Re: parsing URI (references) according to RFC 3986

On 2011-06-20 10:47, Adam Barth wrote:
> On Mon, Jun 20, 2011 at 1:13 AM, Julian Reschke<julian.reschke@gmx.de>  wrote:
>> On 2011-06-20 10:03, Adam Barth wrote:
>>> Even just trivial things need to be cleaned up, like:
>>>
>>> http://ExAmple.CoM/
>>
>> What needs to be cleaned up here?
>
> * FF canonicalize('http://GoOgLe.CoM/') is 'http://google.com/'
> * IE canonicalize('http://GoOgLe.CoM/') is 'http://google.com/'
> * KR canonicalize('http://GoOgLe.CoM/') is 'http://google.com/'
> * SA canonicalize('http://GoOgLe.CoM/') should be http://google.com/.
> Was http://GoOgLe.CoM/.
>
> IE, Firefox, and Chrome convert host names to lower case.  Safari does not.

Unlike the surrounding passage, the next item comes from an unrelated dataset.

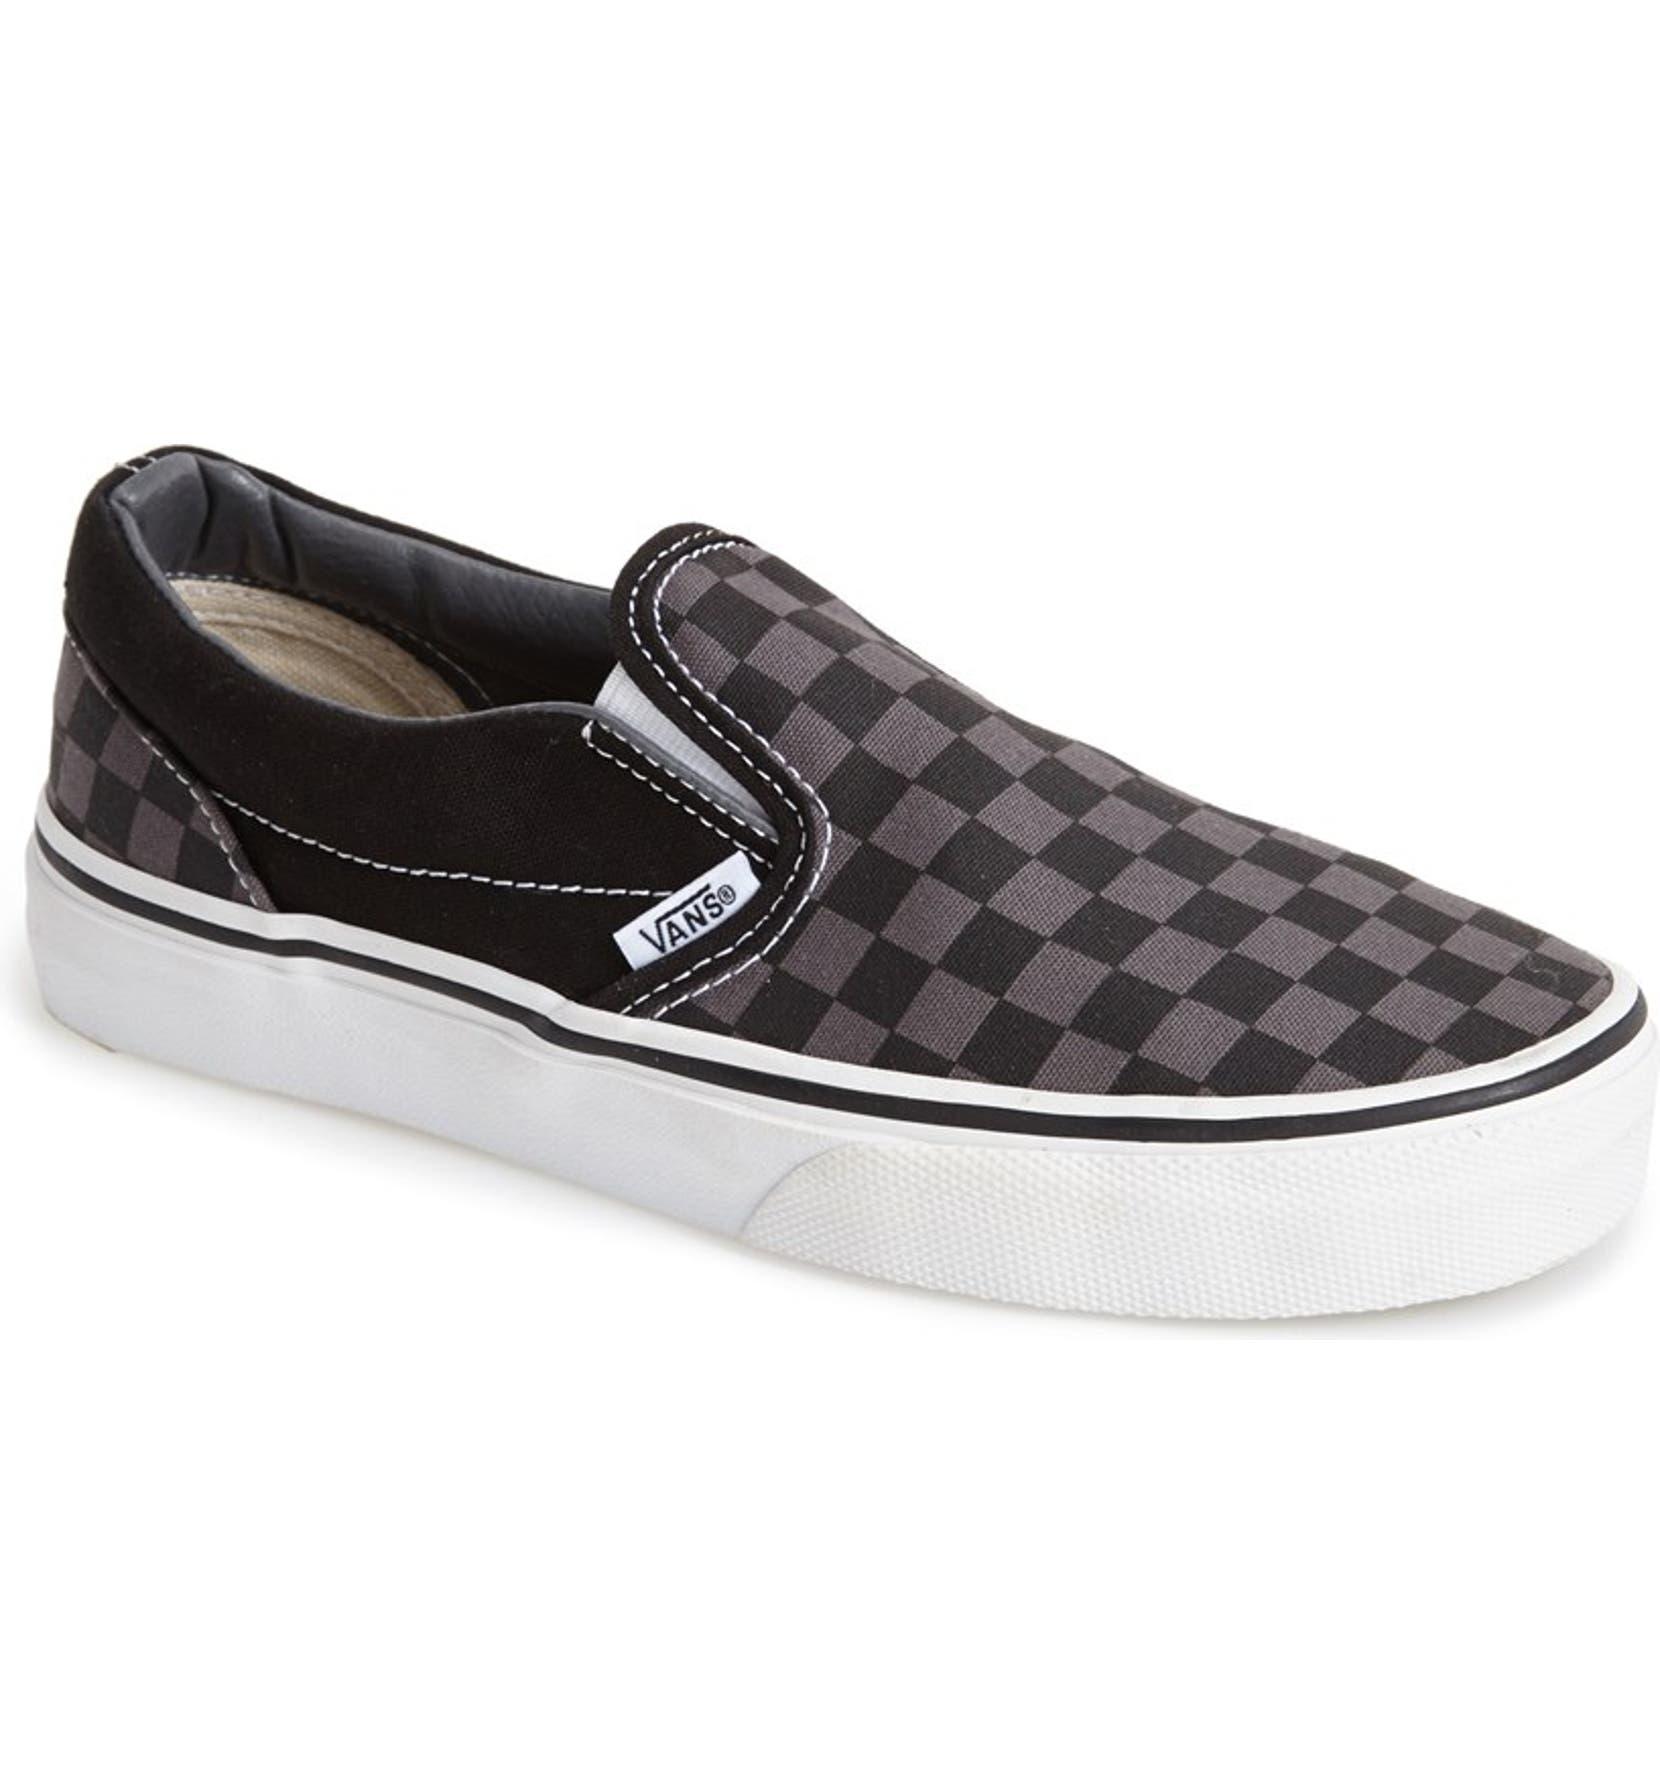 afbdb316163b12 Vans Classic Checker Slip-On (Toddler

Yes. Why is this a problem? What does it have to do with URI/IRI parsing 
or resolution?

>>> http://www.example.com/##asdf
>>
>> Either reject the reference as invalid, or treat this as a fragment with
>> value "#asdf".
>>
>> *How* to handle fragments depends on media types, not URI parsing, so I'm
>> not sure we should try to answer this here...
>
> FF canonicalize('http://www.example.com/##asdf') is
> 'http://www.example.com/##asdf'
> IE canonicalize('http://www.example.com/##asdf') is
> 'http://www.example.com/##asdf'
> KR canonicalize('http://www.example.com/##asdf') is
> 'http://www.example.com/##asdf'
> SA canonicalize('http://www.example.com/##asdf') should be
> http://www.example.com/##asdf. Was http://www.example.com/#%23asdf.
>
> The question is whether # occurring in the fragment should be coerced
> to be %-escaped.  My reading of the evidence here says "no."

Again, what's to do here?

You can observe this in the DOM, so it's a DOM issue.

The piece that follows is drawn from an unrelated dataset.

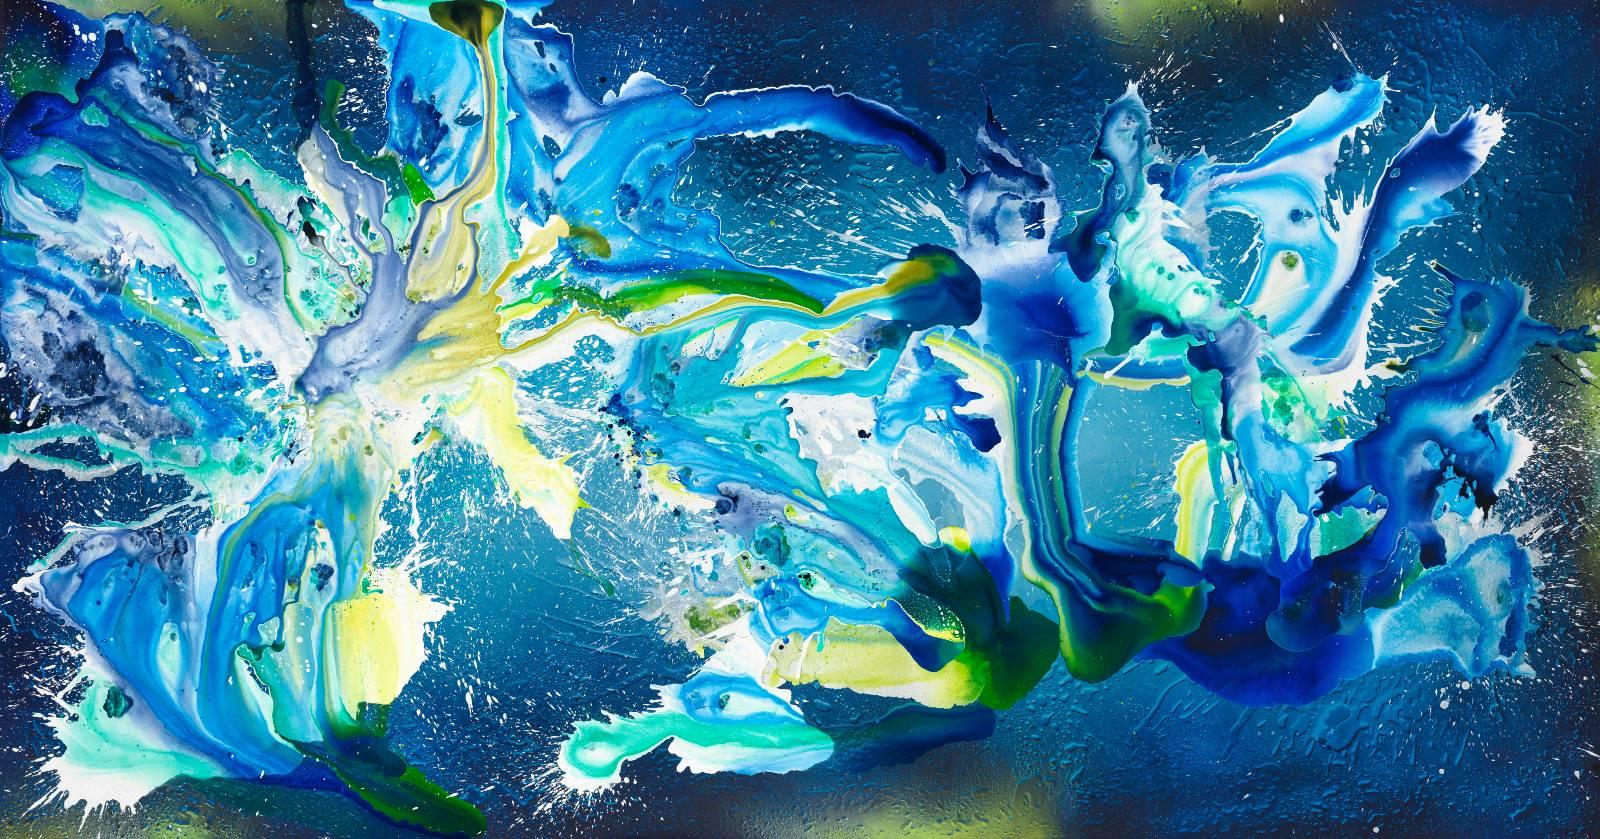 Christian Awe | Wasserspiele.

You can observe the *behavior* when navigating, and that's a media type 
issue.

> On Mon, Jun 20, 2011 at 1:34 AM, Julian Reschke<julian.reschke@gmx.de>  wrote:
>> On 2011-06-20 10:24, Chris Weber wrote:
>>> 6) Handling percent-encoded values in various components
>>
>> Is there a *problem* related to this?
>>
>> I can see that the exposed DOM properties vary on how things are
>> canonicalized, but that's a DOM issue, not a URI/IRI issue.
>
> You can play games about who needs to spec this stuff, but it needs to
> be specced.  In implementations, this work is done by the URL
> processing code, not by the DOM processing code.

I'm not playing games, I'm trying to understand what needs to be done 
*here*. And I don't believe this belongs here (nor other DOM questions 
like how the port number defaulting works).